But the logic, once you trace it, is almost elegant in its cruelty. AI accounted for 39% of GDP growth in 2025. That's not a typo. During the dotcom peak in 2000, the internet accounted for 28%. We've already blown past that benchmark, and most organizations haven't even finished their first real deployment. LPL research shows productivity running consistently above 2%, driving 2.5% growth into 2026. Ninety-six percent of organizations investing in AI report measurable productivity gains. The technology works. That's not the question anymore.
The question is who captures the value.
I keep returning to electricity. It took roughly thirty years for electrification to show up in national productivity statistics. When it finally did, the gains weren't captured by General Electric or Westinghouse. They were captured by the factories, the retailers, the logistics companies, the countless businesses that used electricity to do what they were already doing, only better and cheaper. The power companies became utilities. Essential, yes. Profitable enough. But not the locus of value creation. The interesting question is whether AI follows the same arc, and whether we're watching it happen in compressed time.

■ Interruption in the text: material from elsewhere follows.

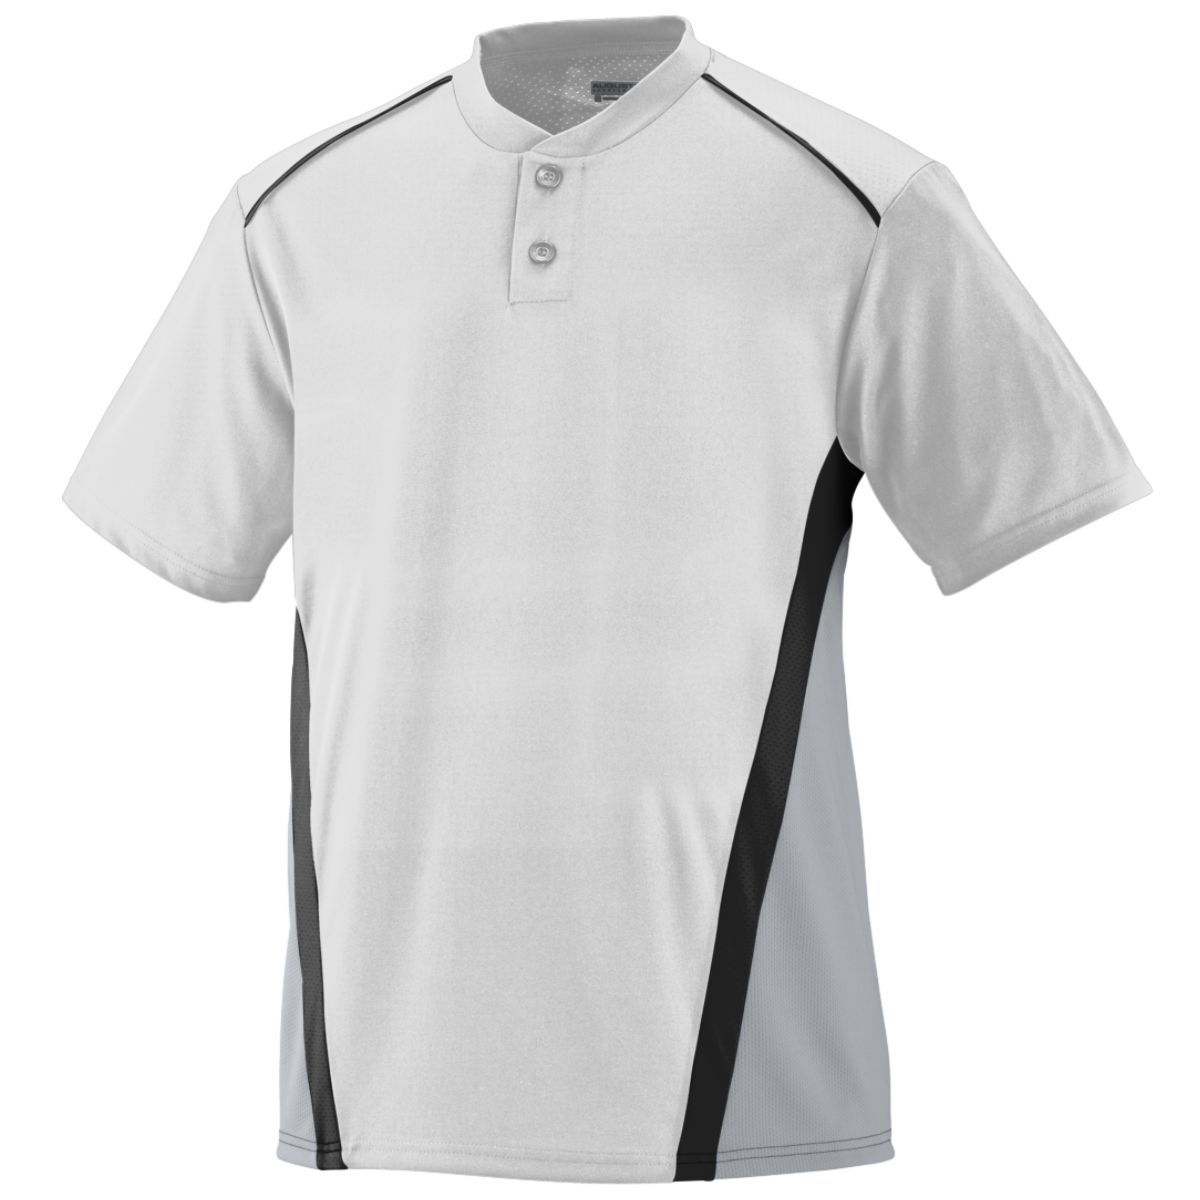 Augusta Sportswear Rbi Jersey in White/Silver Grey/Black  -Part of the Adult, Adult-Jersey, Augusta-Products, Softball, Shirts product lines at KanaleyCreations.com

The current market structure suggests we should care about this deeply. Five companies hold up roughly 30% of the S&P 500. That's the greatest concentration in half a century. The entire investment thesis of the past three years has been built on the assumption that the companies building AI will be the companies that capture its economic value. Vanguard is suggesting the opposite. The more successful AI becomes, the more it diffuses. The more it diffuses, the more it becomes infrastructure. And infrastructure, historically, is a terrible place to look for outsized returns.
Goldman Sachs seems to have noticed. In February 2026 they launched an "AI-free stock index," essentially a bet on the companies that use AI rather than the companies that build it. It's a quiet admission that the value migration might already be underway. If you're constructing a portfolio around AI's economic impact, maybe you should be looking at the factories, not the power plants.
There's a parallel story unfolding in the labor market that complicates this further. The standard fear narrative goes like this: AI makes workers productive, companies need fewer workers, mass layoffs follow. But that's not what's happening. Only 17% of organizations are using AI productivity gains for headcount reduction. The vast majority are reinvesting — expanding output, entering new markets, doing more with the same people rather than the same with fewer. Kevin Warsh, Trump's nominee for the Federal Reserve, argues that the productivity surge gives room for rate cuts without stoking inflation. The economy grows not by replacing workers but by making each hour of work worth more.
This is the part I find hardest to reconcile. If AI productivity gains are being reinvested rather than extracted, that's genuinely good for the economy and for workers. But it makes the investment case for AI companies even harder, because it means the surplus is flowing to the users, not the builders. Every company that uses AI to expand its margins is a company that doesn't need to pay monopoly prices for the privilege.
Axios captured it well in a piece this week about the range of possible futures. The outcomes for unemployment and the stock market aren't correlated in the way we expect. You can have full employment and a flat market. You can have productivity growth and compressed margins for AI providers. The scenarios where both workers and AI stocks do well require something specific: sustained pricing power by a small number of companies over a technology that, by its nature, wants to become commodity infrastructure.
I don't know how this resolves. I genuinely don't. The historical pattern is clear. The economic data is clear. But markets have a way of defying historical patterns for longer than anyone expects, and the five companies at the center of this trade have more capital, more talent, and more data than any corporate entities in human history. Maybe they build moats that electricity companies never could. Maybe foundation models don't commoditize the way generating capacity did. Maybe.
But I keep coming back to that Vanguard headline. The most bullish possible outcome for AI as a technology — the one where it genuinely lifts the entire economy — is the one where the value disperses so widely that no single company captures it. We might be investing in the power companies when we should be investing in the factories. And the strange thing is, the better AI works, the more likely that becomes.